He states, “Uncritical race theory denies that racism exists at all, or maintains that racism primarily victimizes white people, or rejects any systemic or institutional analysis in favor of an inter personal explanation that understands racism as only sporadic and merely the product of individual bias.” (Page 7)

He explains:

“A truthcrime is any act of honest pedagogy in a jurisdiction where truthful teaching has been outlawed. Truthcrime is enforced disremembering. A truthcrime law, then, is one that makes lying to children obligatory and effectively renders honest educators as truthcriminals.” (Page 16)

Interesting Take on CRT

A goofball white guy from Seattle, Washington became famous by attacking critical race theory (CRT) in a completely dishonest way. Unfortunately, right-wing billionaire money trumpeted his assertions.
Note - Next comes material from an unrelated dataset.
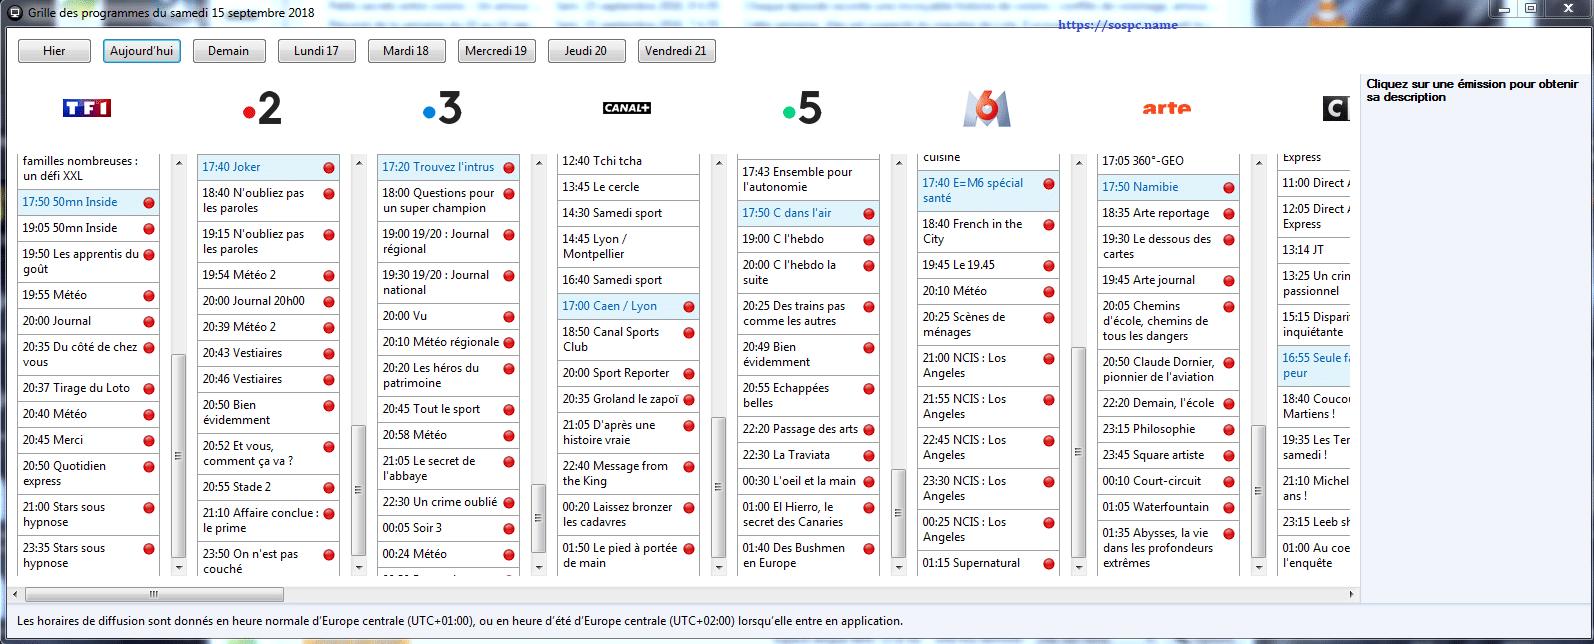 Captvty installation et paramétrages, tutoriel détaillé image 43

At a time when the vast majority of America’s teachers had never heard of CRT, he claimed that public schools were indoctrinating students with CRT. For a short period of time, CRT became the racist rights number one anti-public schools slogan and a Republican campaign tool.
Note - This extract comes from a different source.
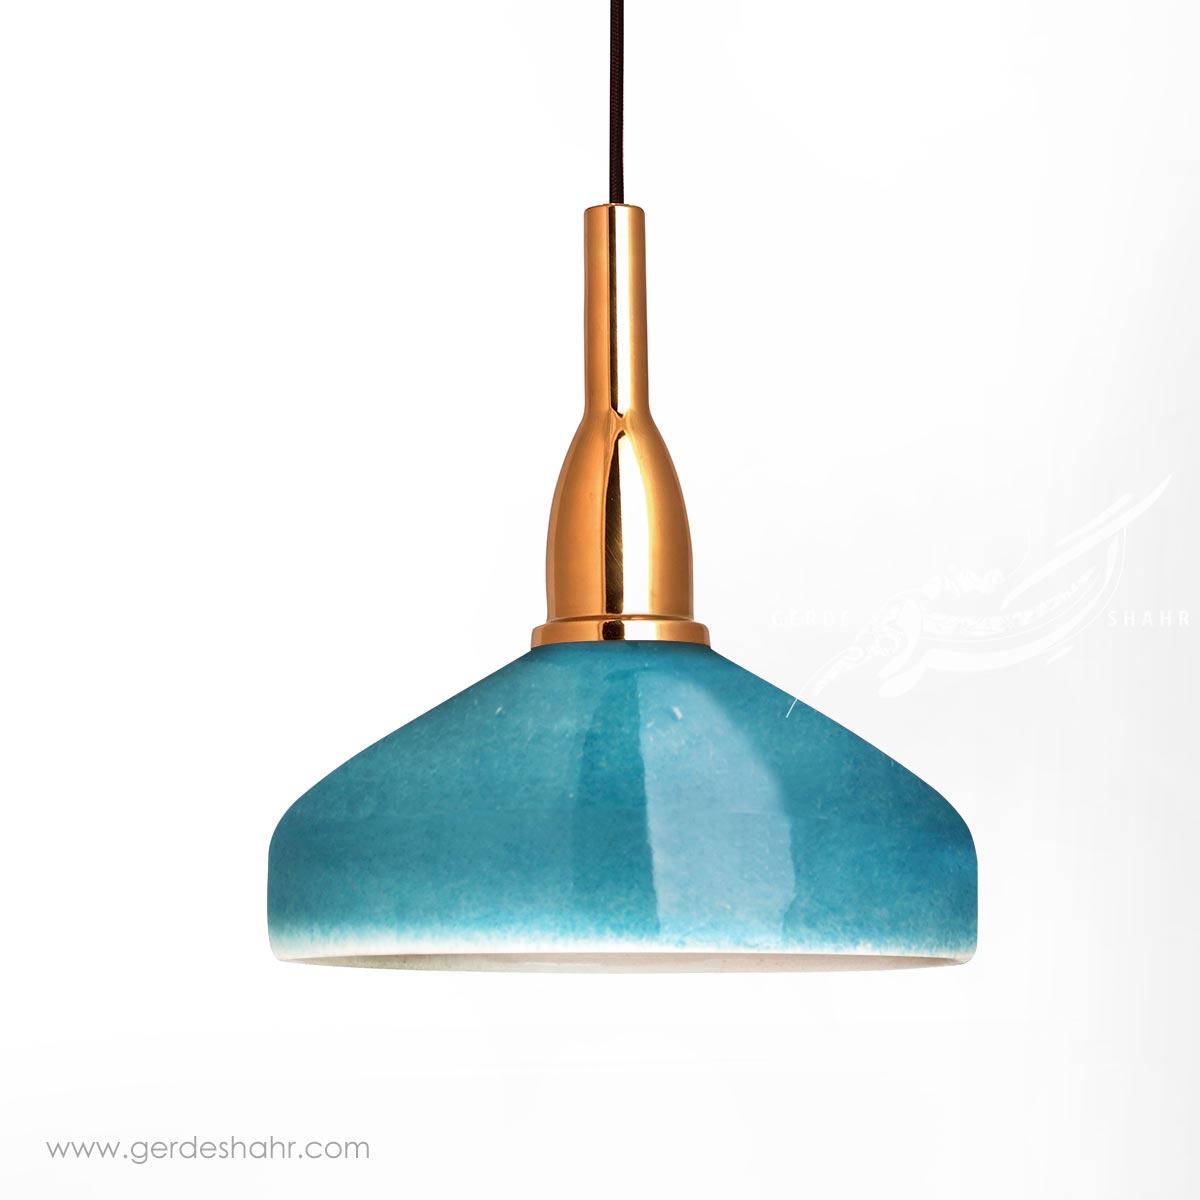 آویز روشنایی گردسوز فیروزه ای بزرگ تیروژ محصولات

CRT emerged amongst scholars and lawyers in the late 1970s and early 80s as a way to understand the forces upon Black citizens after Brown v. Board of Education in 1955, The Civil Right act of 1964 and the Voting Rights act of 1965. It was pretty much the purview of graduate school seminars. (Page 6)
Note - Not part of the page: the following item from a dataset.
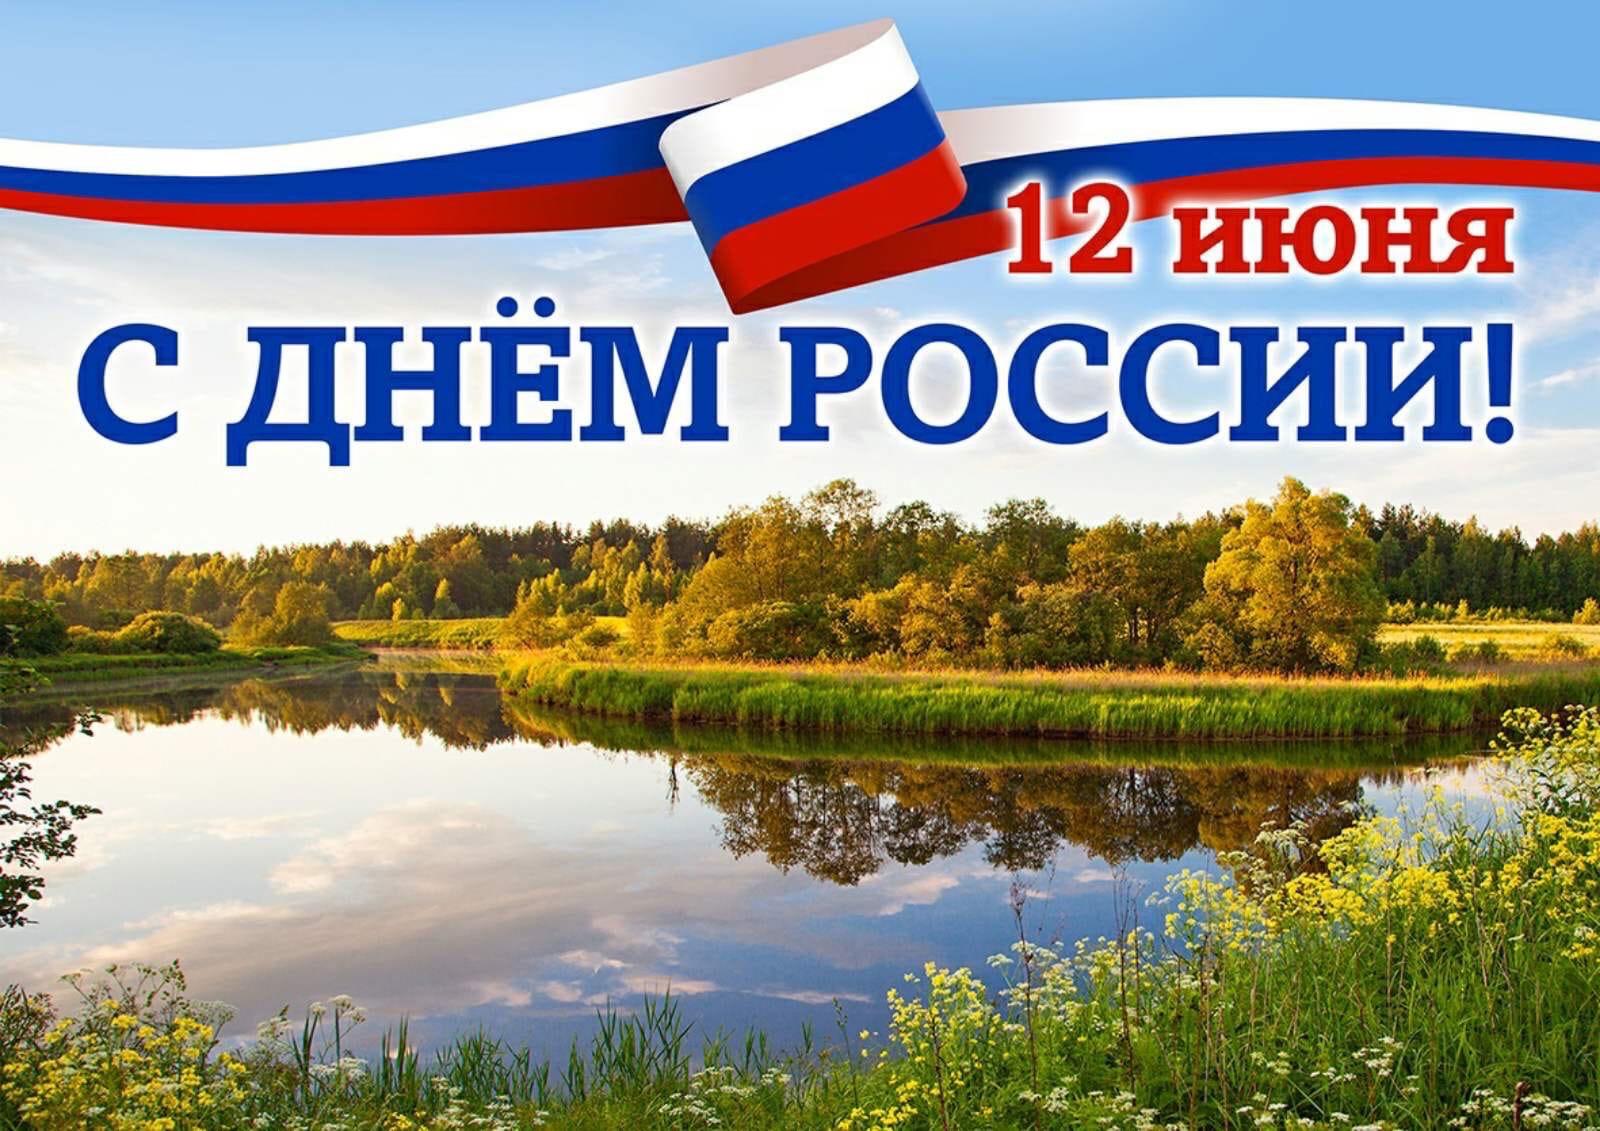 Уважаемые жители Можгинского района!  Примите искренние

At a June, 2022 “Road to Majority Policy Conference” in Nashville, Tennessee, Texas Senator Ted Cruz declared, “Let me tell you right now, critical race theory is bigoted, it is a lie, and it is every bit as racist as the Klansmen in white sheets.” Hagopian observed, “The irony here is profound; while Cruz compares those who teach CRT to the KKK, his own attack on antiracist education aligns with one of the Klan’s primary objectives: thwarting Black education and antiracist pedagogy—which they have done ferociously throughout US history.” (Page 40)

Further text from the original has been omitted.